Budgeting - Advertising Management

“Not even the most productive cow can be milked without spending money”
Amount of money spent on advertising depends on objectives. It differs from company to company various practices are followed:

  1. Competitive parity method.
  2. Affordability method.
  3. A fixed percentage of turnover method.
  4. Budget based on functions to be performed (Objectives and task method).
  5. Regression analysis: Based on historical data. Time series data. To predict dependent variable-sale or market share. Advertising expenditure is the in depend variable.
  6. Adaptive Control Model:
    Advertising budget decision need changing as relationship between advertising and sales change over time. It gives an idea of optional expenditure on audience to be reached, size, location, media cost etc.

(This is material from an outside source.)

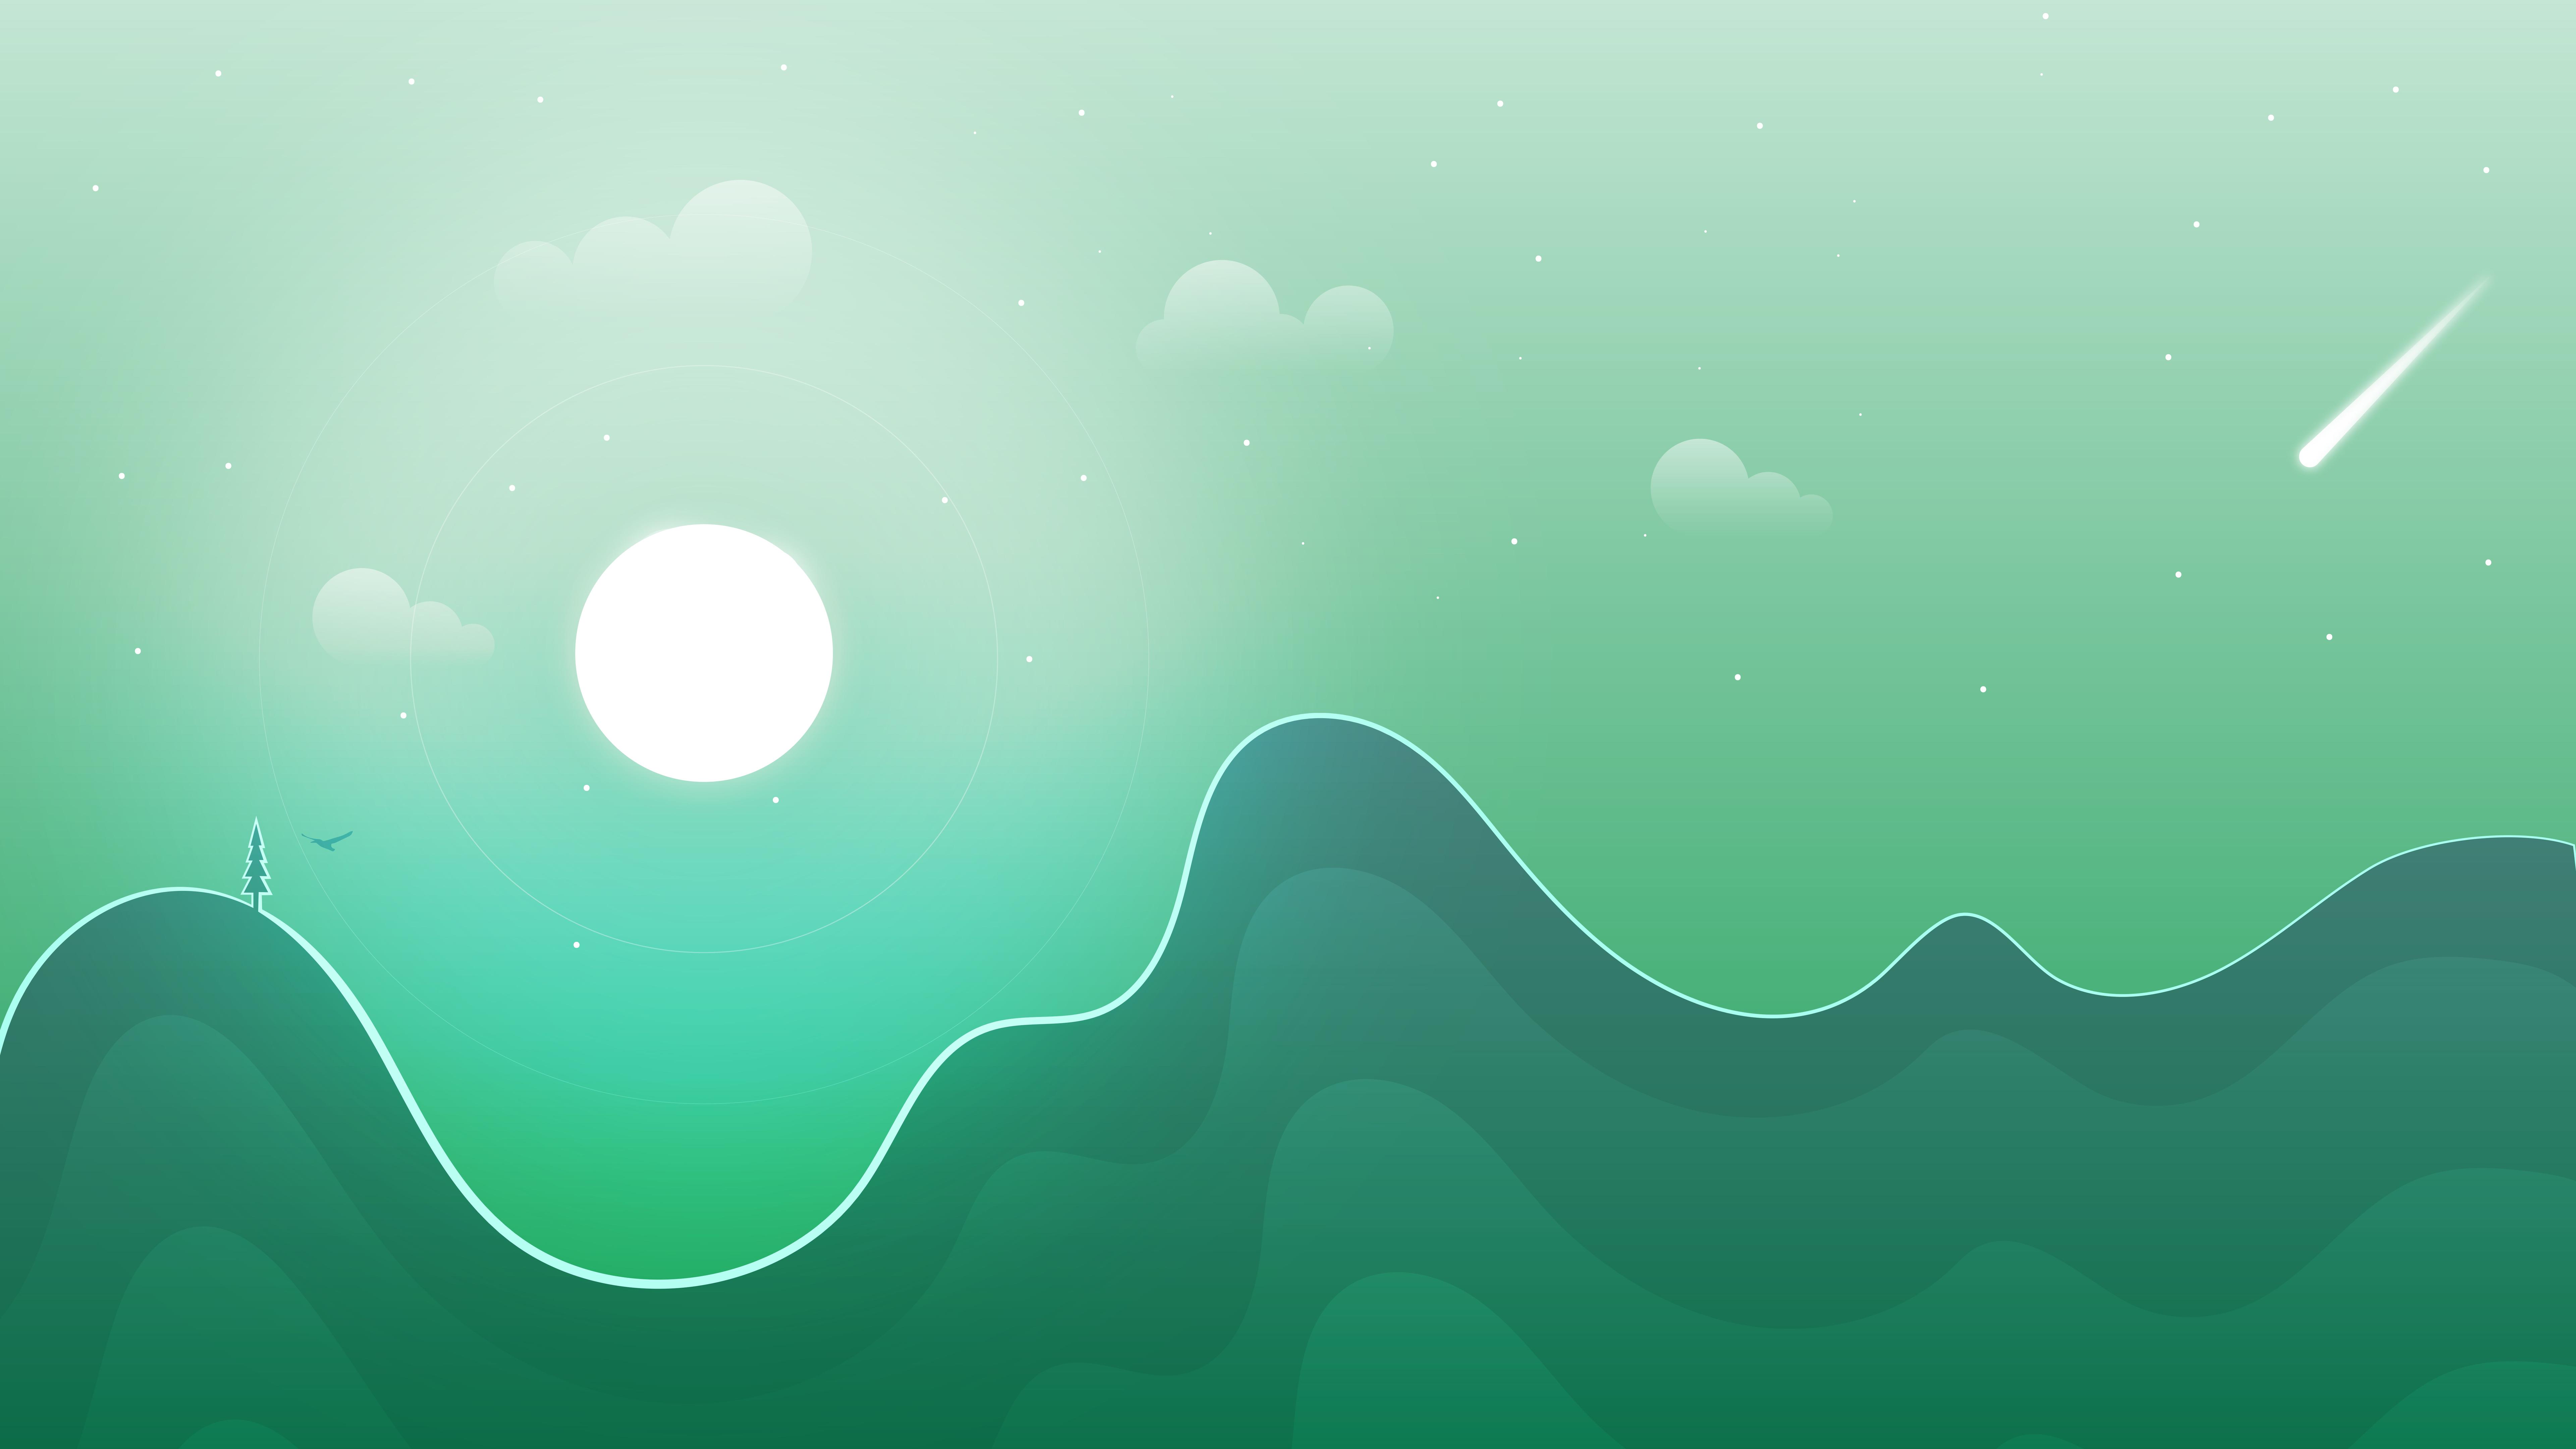 landscape-minimalist-10k-r1.jpg

In connection with the response to advertisement there are 2 models to be considered. Concave downward response curve shows that the effect of expenses on advertising follows the micro-economic law of diminishing returns. When the amount of advertising increases its incremental value decreases as shown in the curve. The response in the beginning is very good but with further increase in advertising the response becomes smaller's.


S-Shaped Response Curve:
In this three ranges A, B and C are shown. In the A range, the expenditure is lower than required and there is no increase in sales. In the second or B range which is most effective, the sales start increasing and goes up to the beginning of sales C where with the additional expense there is little increase.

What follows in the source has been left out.